- **Task description**
Retype exactly the span of lines below from the one with "Employer Thank You Letter Template" through the one with "Young man surfing". Do not include pictures.

- **Supplied information**
------------------------------------------------

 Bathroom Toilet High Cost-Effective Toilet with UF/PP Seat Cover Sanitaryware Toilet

------------------------------------------------

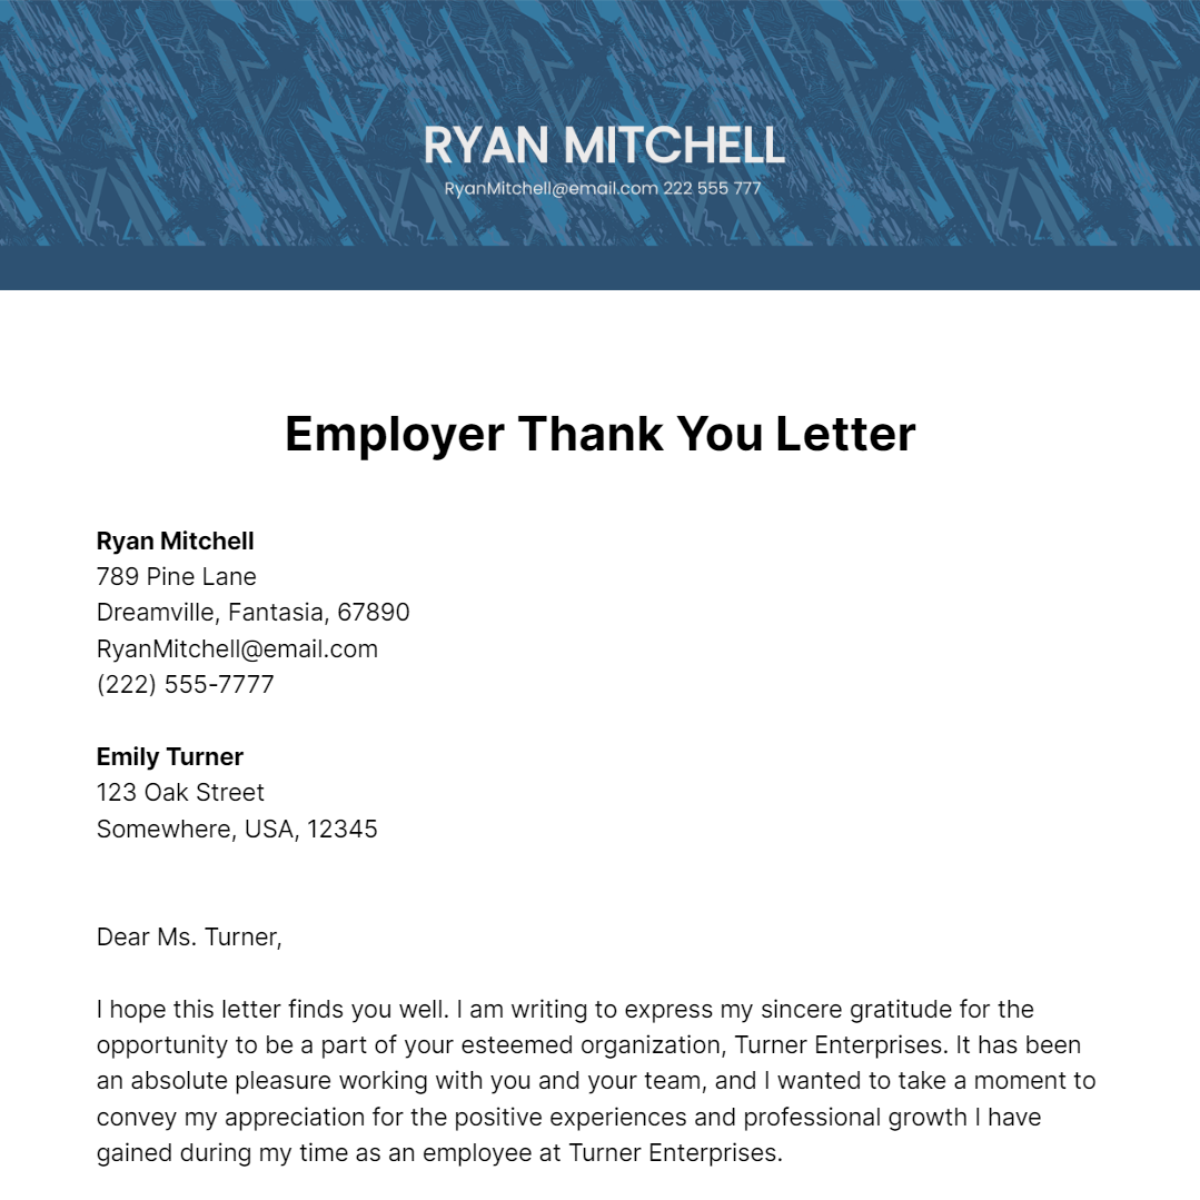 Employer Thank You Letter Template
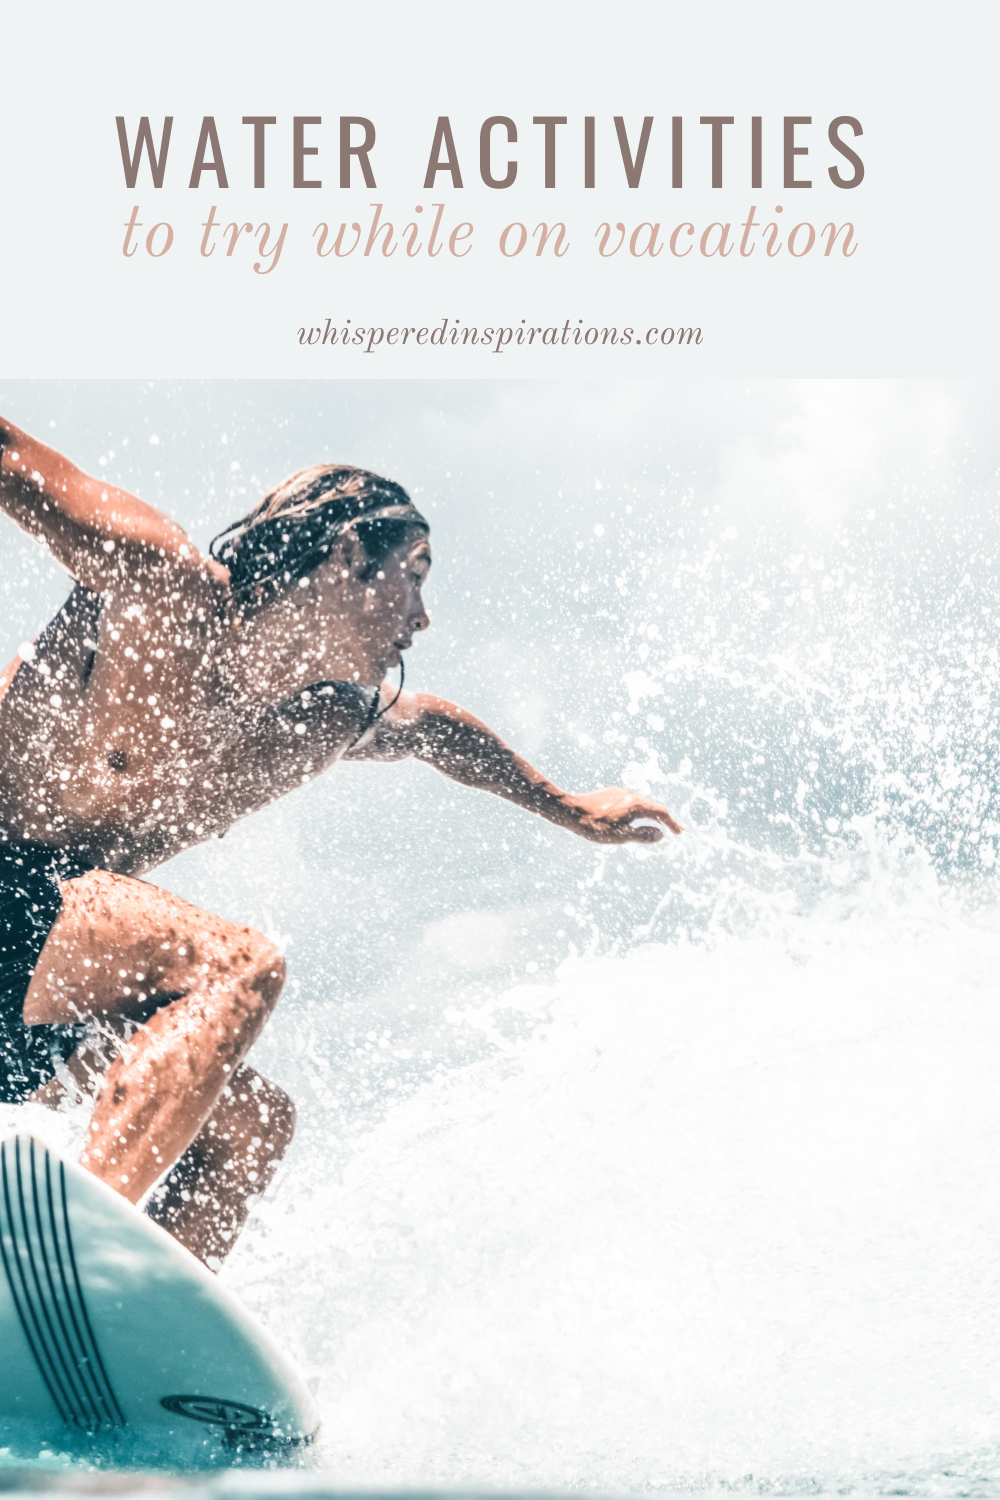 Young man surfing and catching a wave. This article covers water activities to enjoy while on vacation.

------------------------------------------------

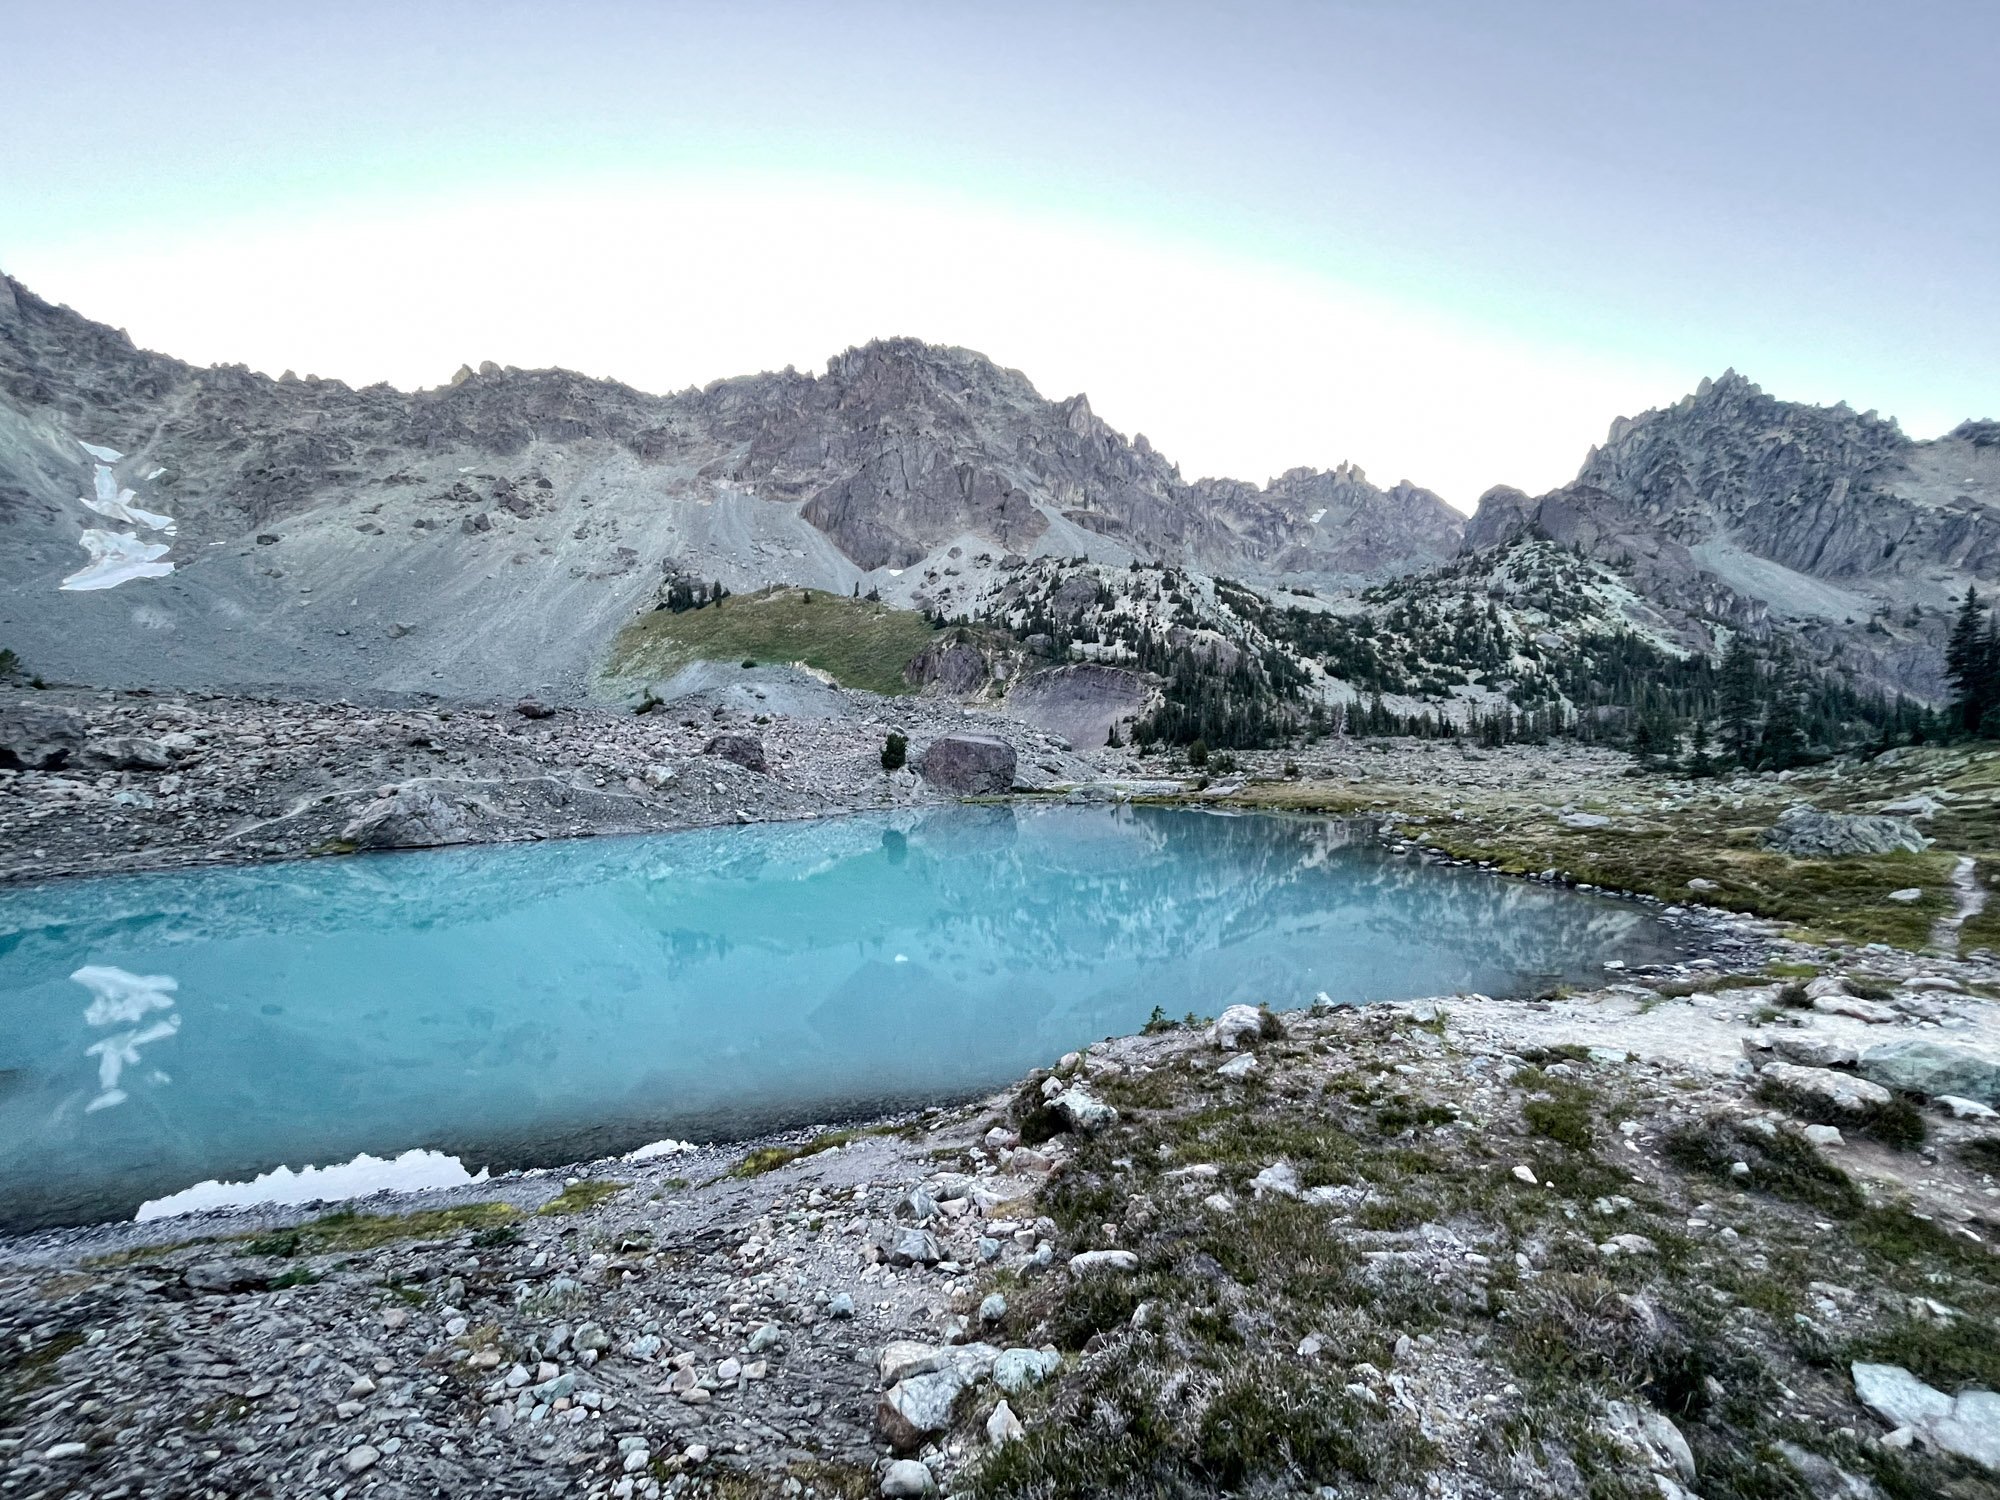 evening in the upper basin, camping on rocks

------------------------------------------------

- **Problem solution**
 Employer Thank You Letter Template
 Young man surfing and catching a wave. This article covers water activities to enjoy while on vacation.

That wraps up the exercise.